## DATA PROVIDED:
---

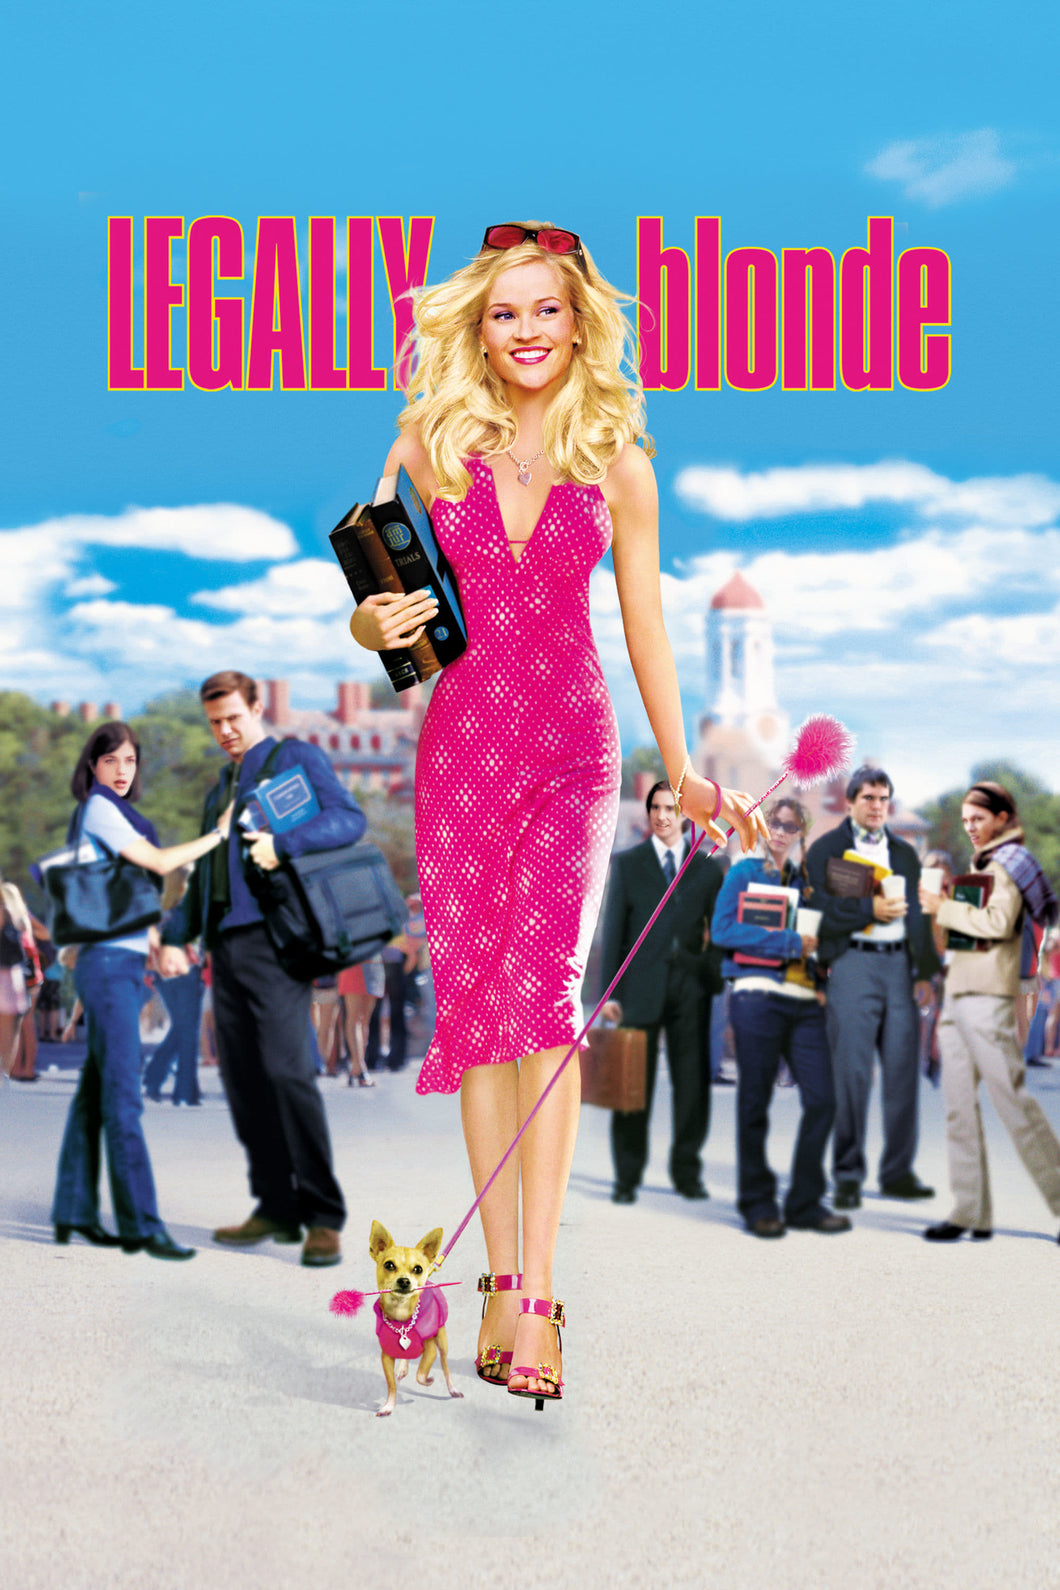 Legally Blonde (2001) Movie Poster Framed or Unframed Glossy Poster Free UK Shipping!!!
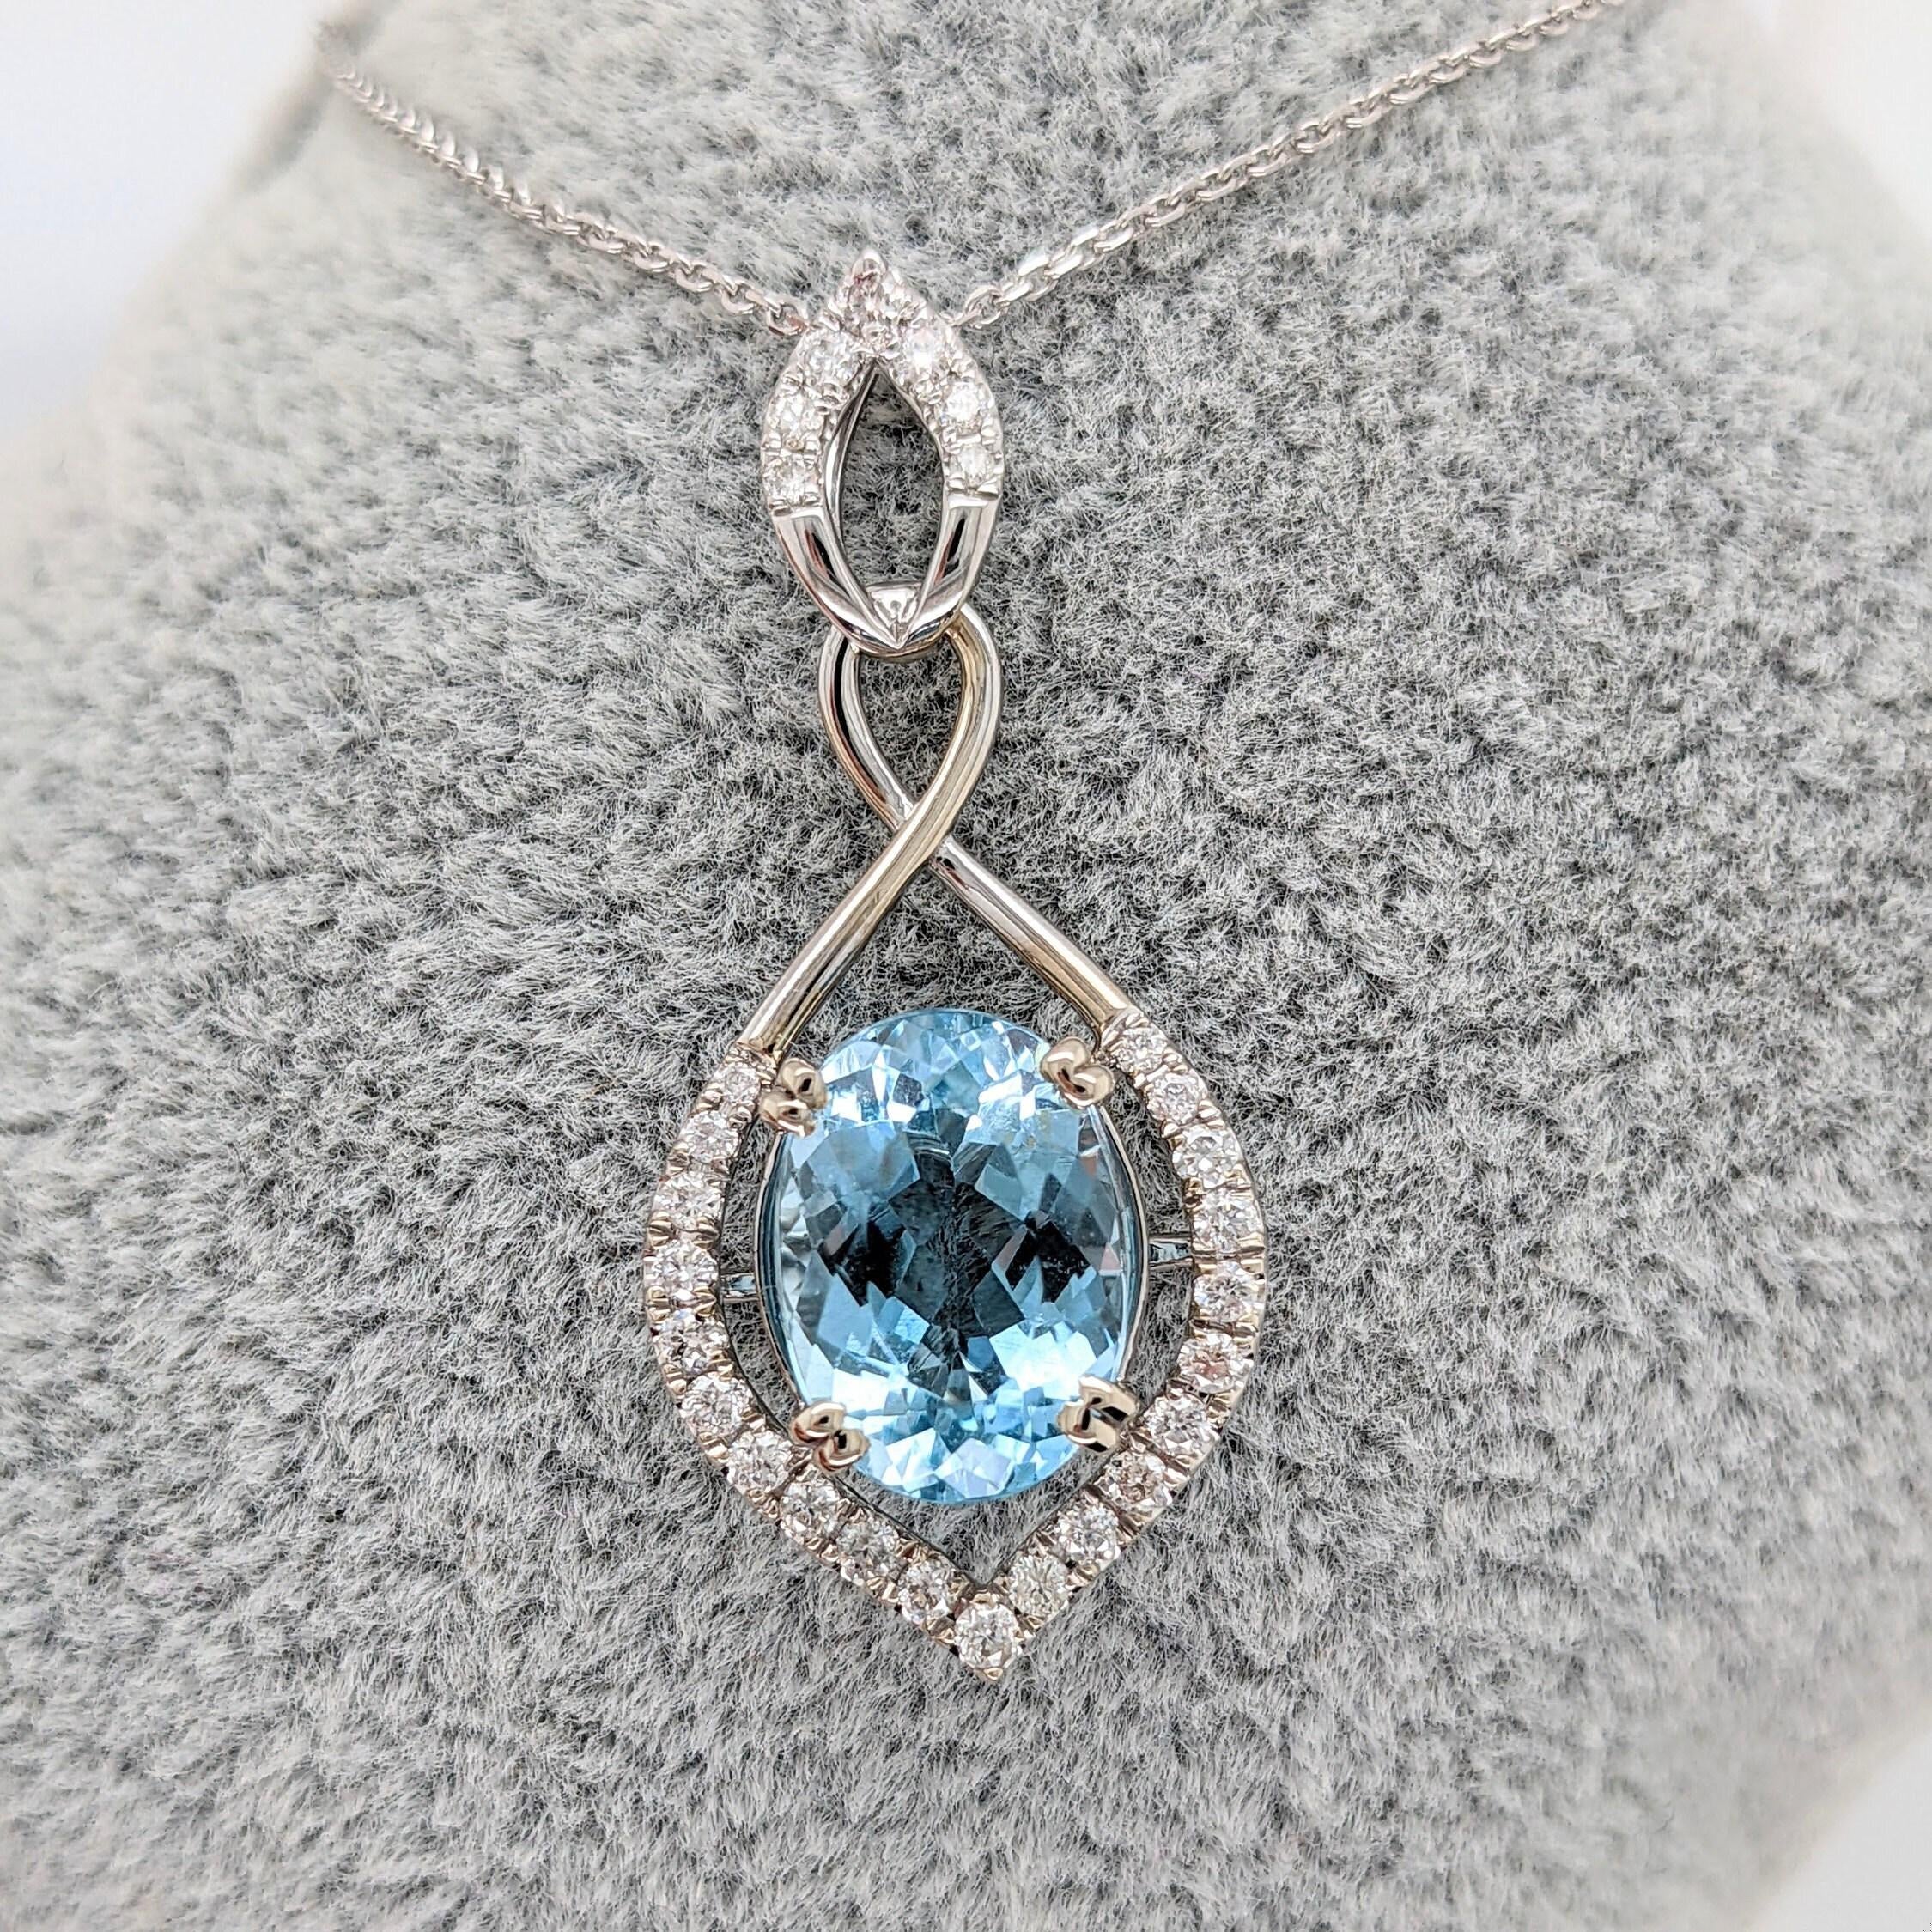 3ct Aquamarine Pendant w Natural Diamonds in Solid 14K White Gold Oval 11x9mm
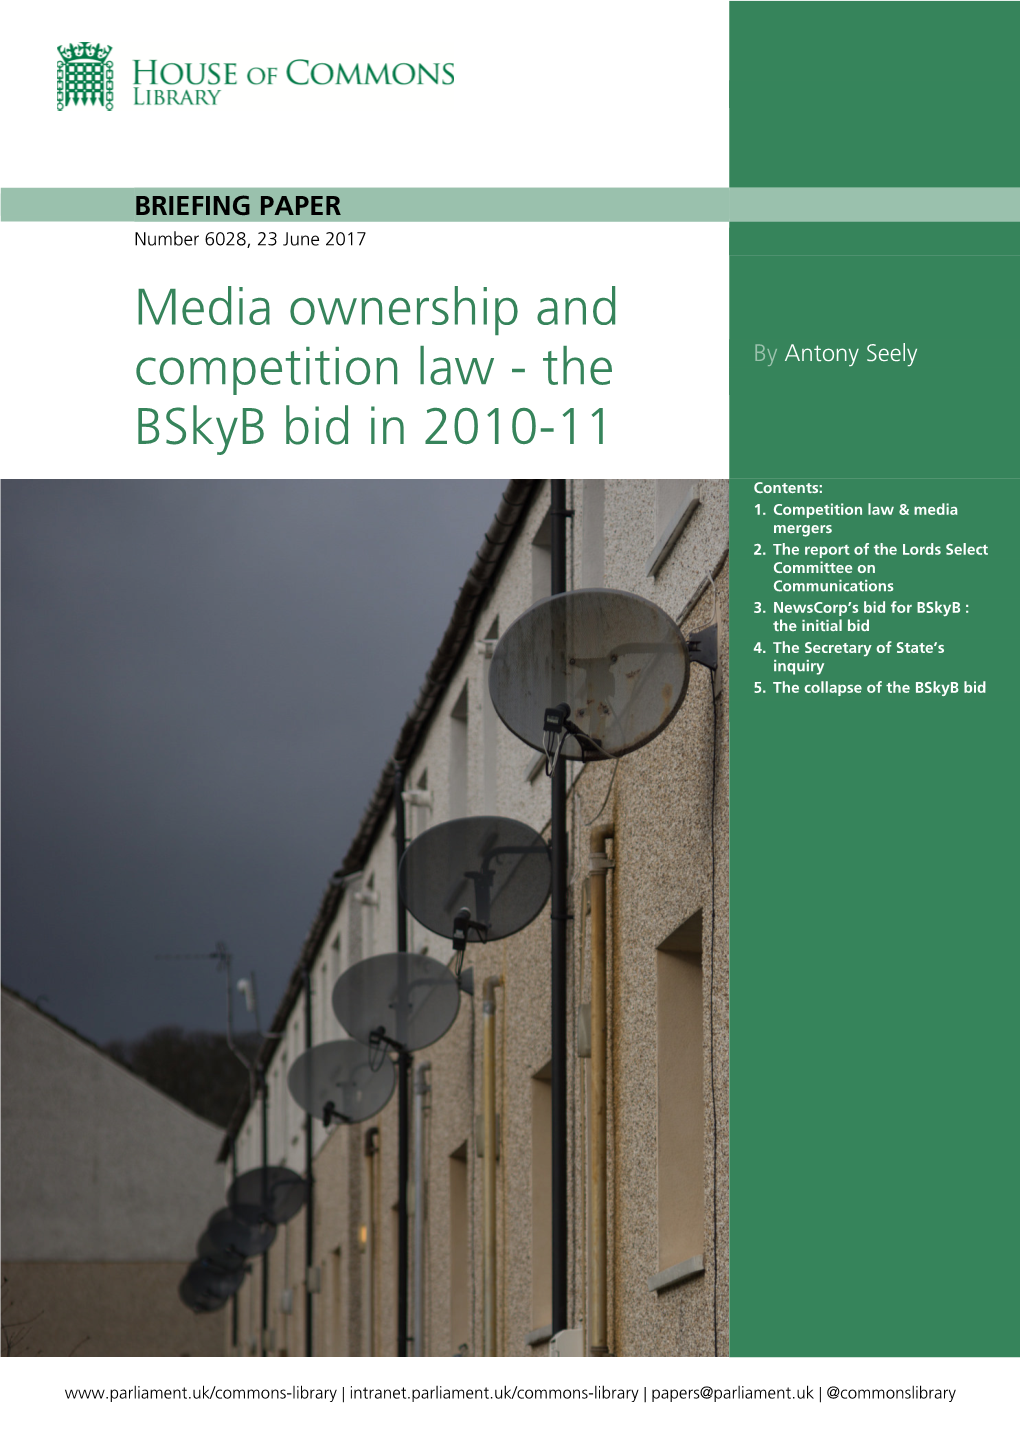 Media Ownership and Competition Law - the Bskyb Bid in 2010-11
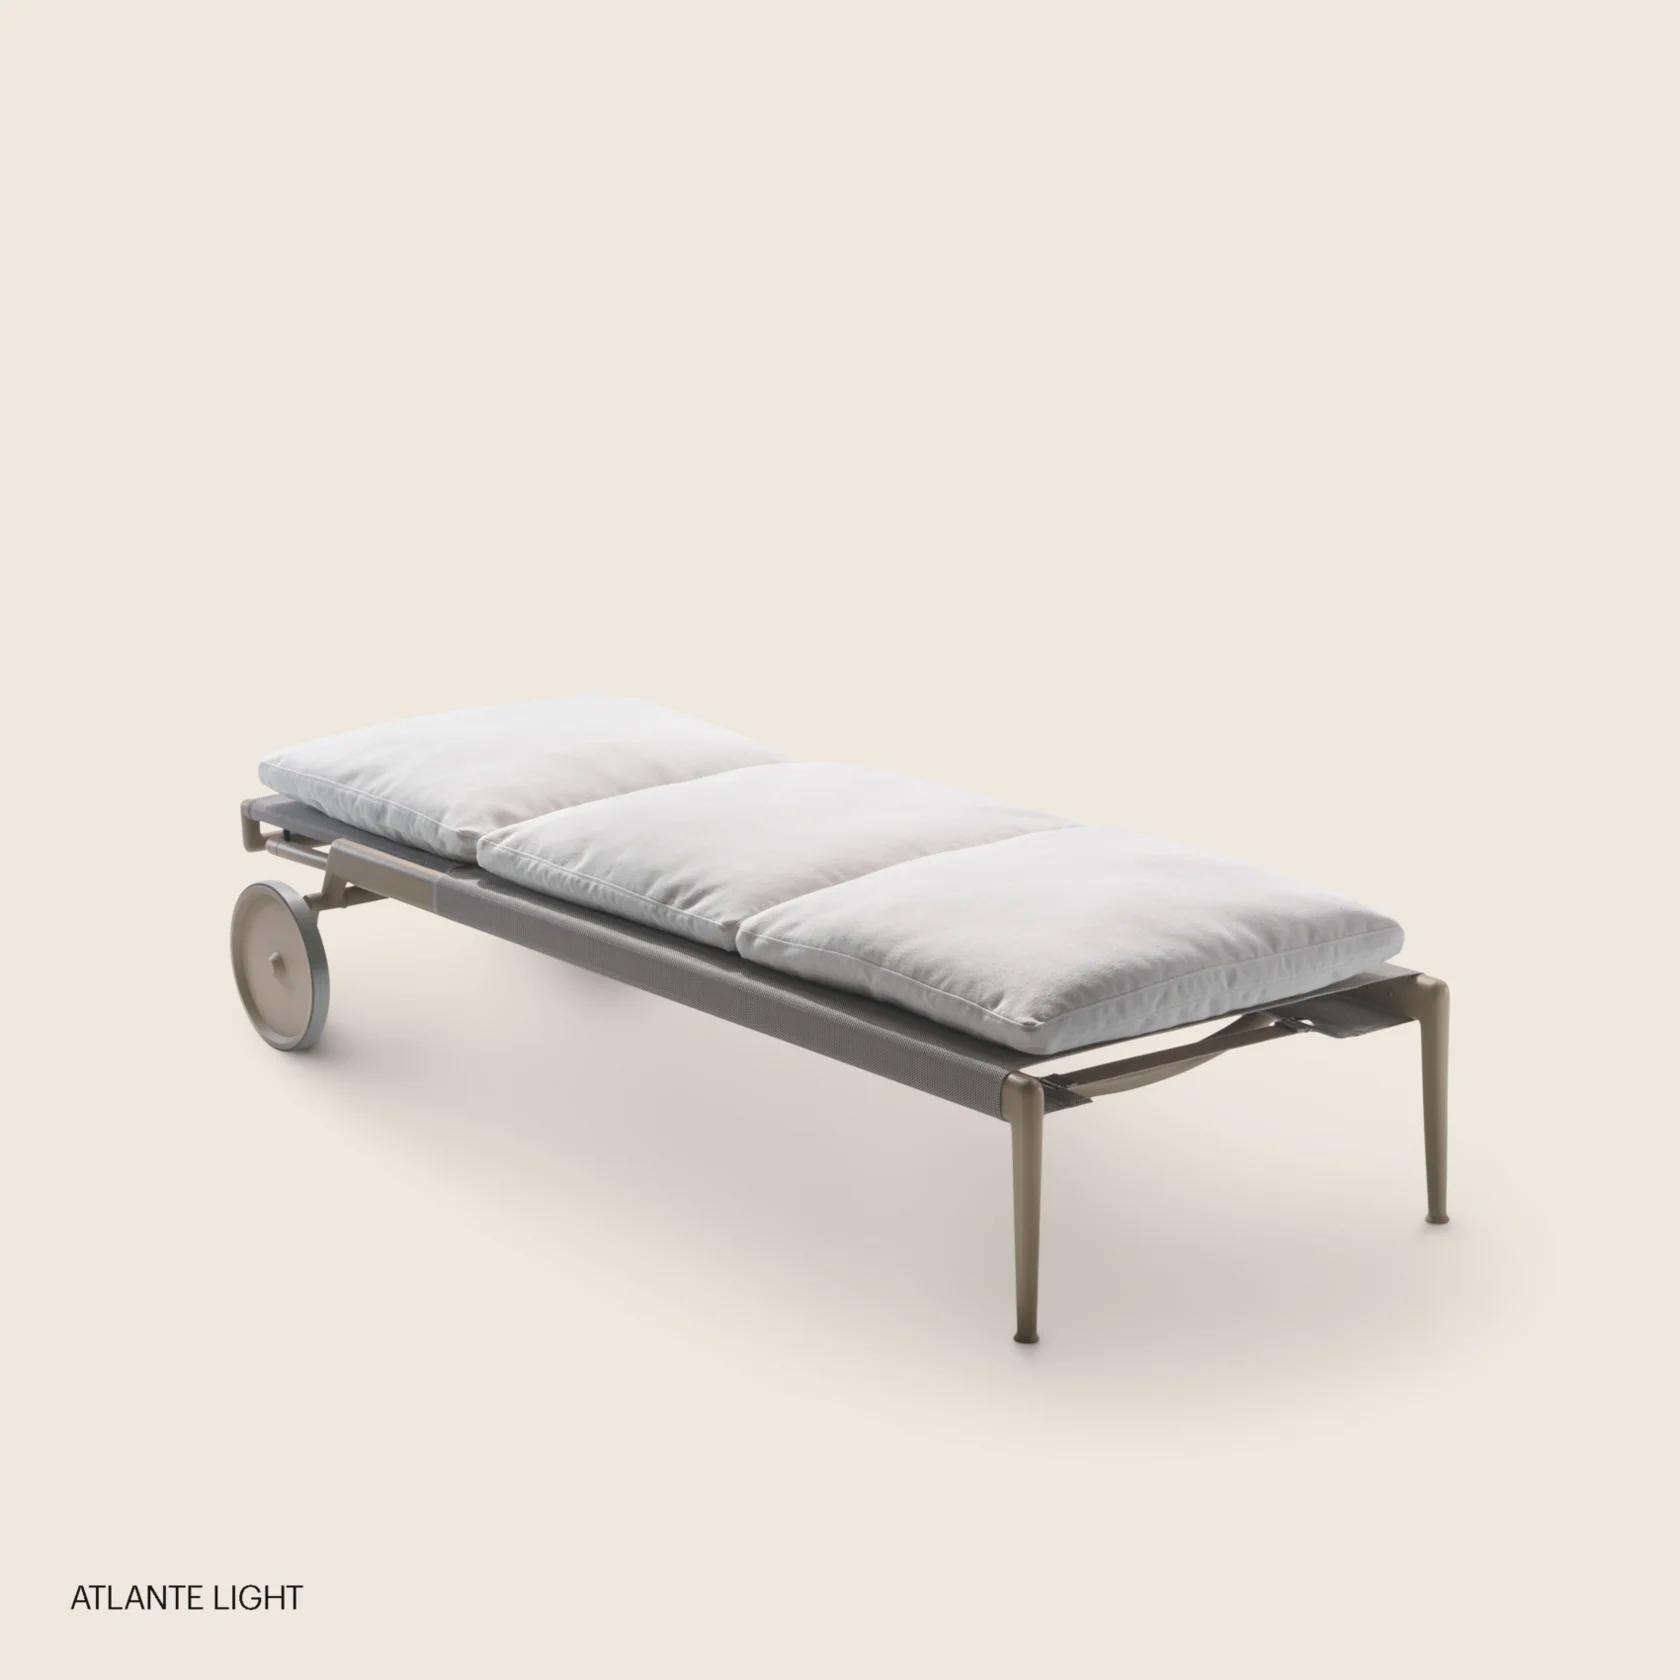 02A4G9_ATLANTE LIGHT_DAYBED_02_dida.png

---

Leave the pictures out and print the whole listing precisely.

 Legally Blonde (2001) Movie Poster Framed or Unframed Glossy Poster Free UK Shipping!!!
 3ct Aquamarine Pendant w Natural Diamonds in Solid 14K White Gold Oval 11x9mm
 Media Ownership and Competition Law - the Bskyb Bid in 2010-11
 02A4G9_ATLANTE LIGHT_DAYBED_02_dida.png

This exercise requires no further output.